Шрифт:
Интервал:
Закладка:
– Дядя! – Он протянул ему руку, как будто предлагая помочь. Было холодно.
– Не подходи, а то прыгну.
Ему пришло в голову спросить: «А зачем?», но вопрос казался смешным.
– Я никуда и не собираюсь. Но ты протяни руку, посмотрим, дотянешься ли до меня.
– Зачем мне до тебя дотягиваться?
– Чтобы… Чтобы нам с тобой вместе спуститься.
– Хорошо придумал. – И завопил: – А розы-то, суки, колючие! – Ругательства из уст дяди – неслыханная вещь.
Тогда Микель увидел, что пижама дяди вся забрызгана кровью, и, несмотря на холод, вспотел от волнения. Он посмотрел вниз, на одинокий матрас, вытащенный в сад матерью и Ремей, и подумал: «Бесполезно, не важно, сколько там будет матрасов, а пожарные все не едут».
– Не двигайся.
– Ладно, иди лучше ты ко мне. Отсюда прекрасный вид. Я вижу пруд и лебедей.
– Там уже давно нет лебедей.
– А я их вижу.
– Дашь поглядеть? Я тоже хочу их увидеть.

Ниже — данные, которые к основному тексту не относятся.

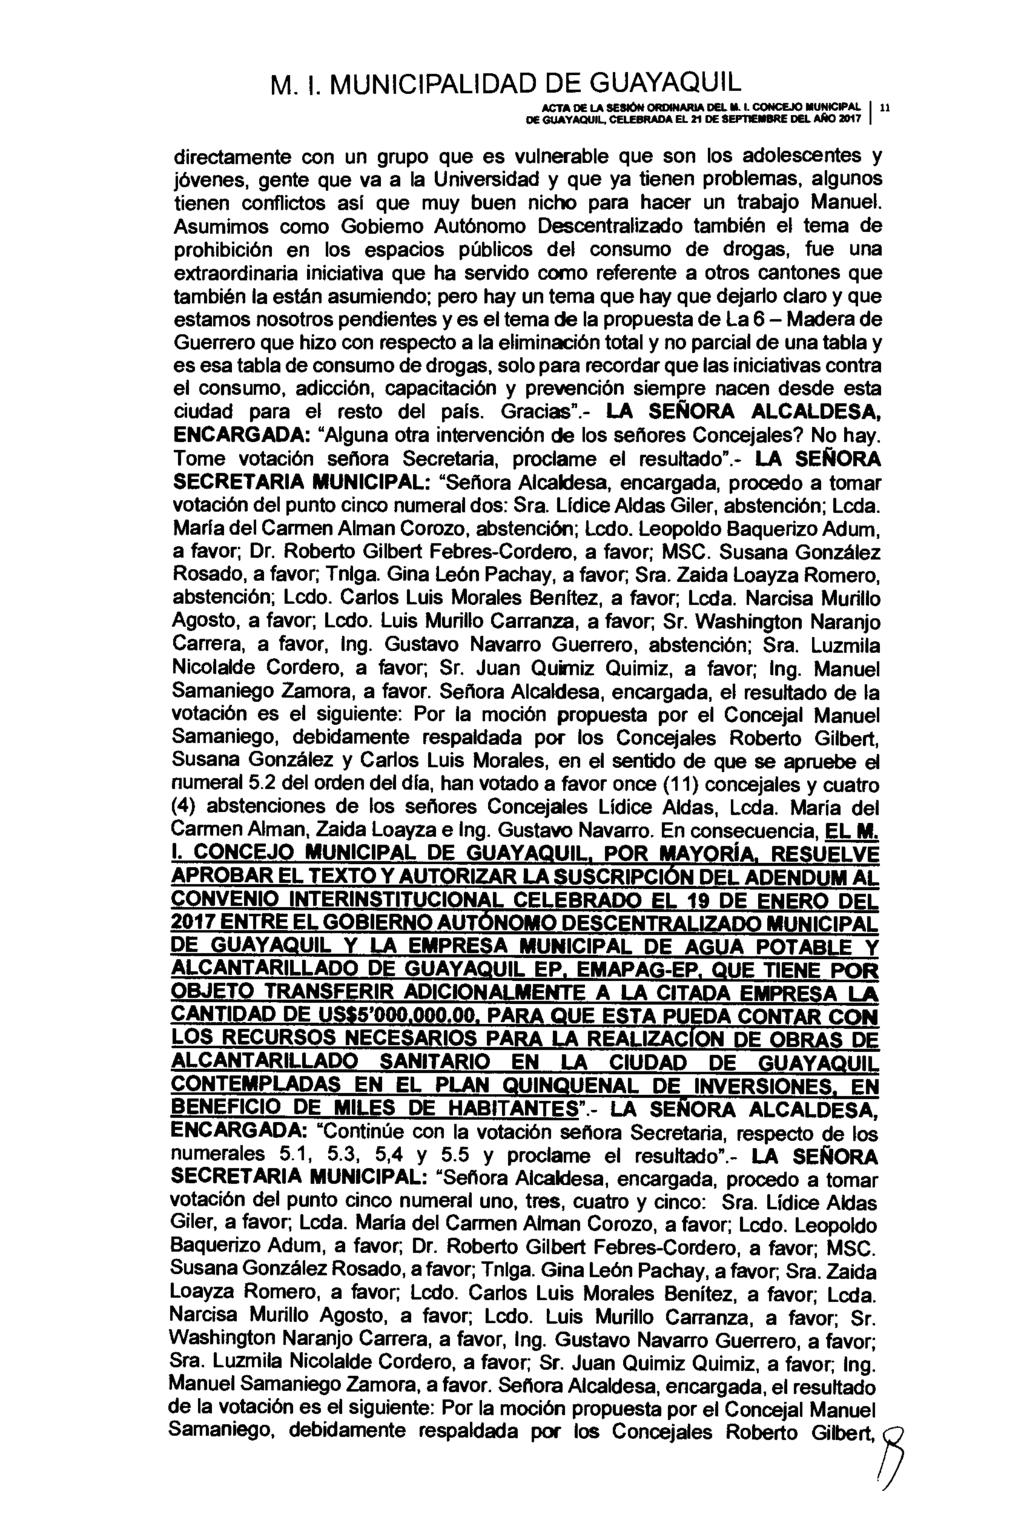 ACTA DE LA SESIÓN ORDINARIA DEL M. I. CONCEJO MUNICIPAL 11 DE GUAYAQUIL CELEBRADA EL 21 DE REMEMBRE DEI.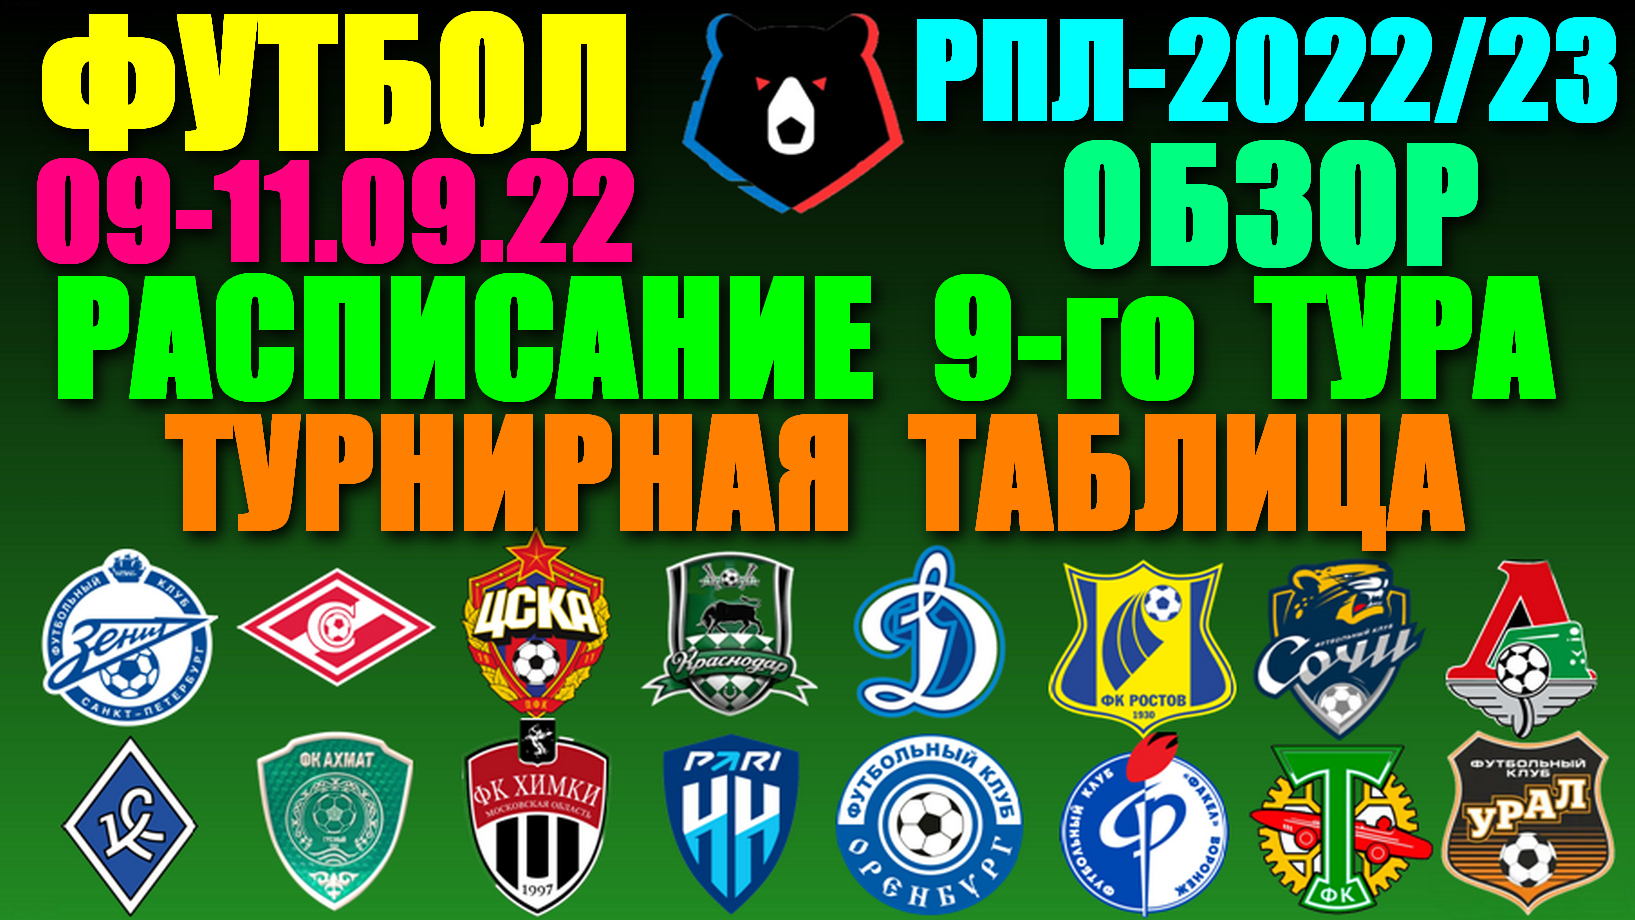 Футбол: Российская Премьер лига-2022/2023. Расписание 9-го тура 09 - 11.09.22. Турнирная таблица

И он перелез на карниз, и мать, которая, похоже, снова собиралась звонить в полицию, застыла: «Нет, нет, Микель, убьешься!» – и эта мысль разрывала ей сердце, а с этим не поспоришь. А она чуть не сказала ему: «Брось, Микель, пусть прыгает, если хочет. Ты разве не видишь, что он сошел с ума? Ведь он уже старик, а ты молод». Но она так не сказала. Она только произнесла: «Нет, нет, нет…» И Ремей тоже была страшно перепугана и ходила в тоске туда-сюда с подушками, диванными сиденьями и небольшими матрасами, тоже думая, что он сошел с ума. Никто не знал, что дядя не сходил с ума, просто в нем накопилось столько печали, что она заблокировала все каналы, по которым свободно проходят мысли. Это была всего лишь печаль, потому что он понял, что нельзя вернуться назад, и сделанного в жизни не воротишь, и остается только, если повезет, возможность терзаться угрызениями совести. А Микель уже укололся первыми шипами и, в отличие от дяди, вспомнил песню Шуберта: «Мальчик розу увидал».
– Хорошо тут, дядя.
– Да. А лебедей видишь?
– Конечно вижу, – сказал он, прижавшись носом к каменной стене. – Красивые такие лебеди.
– Любимый ты мой Микель.
Микель еще не знал, почему он ему так сказал, и не обратил на это внимания. И снова подумал о Курнет-эс-Сауда, где ливанец с бешеными глазами, перекрикивавший даже гранатометы, нацеливал на него черную дыру калашникова, – «О Господи, кто меня звал лезть сюда в пекло, в эту хрень, идиот же ты, парень, мать твою, висишь тут на пятиметровом шиповнике, а когда поскользнешься, размажешь по камням мозги. Прямо об угол одной из ступеней у входа, хрень какая, я прямо по вертикали о нее и треснусь, опять валяешь дурака и, как всегда, спасаешь мир, пытаясь сохранить то, что спасти нельзя. Мать твою за ногу, Микель».
– Побудем тут чуть-чуть, дядя?
– Давай. Опять эти шипы! – И он сделал резкое движение, порвав при этом пижамные штаны; на белой, молочного цвета, ноге осталась тонкая, как нарисованная, красная черточка. – Я все-таки прыгну. Ты со мной, Микель?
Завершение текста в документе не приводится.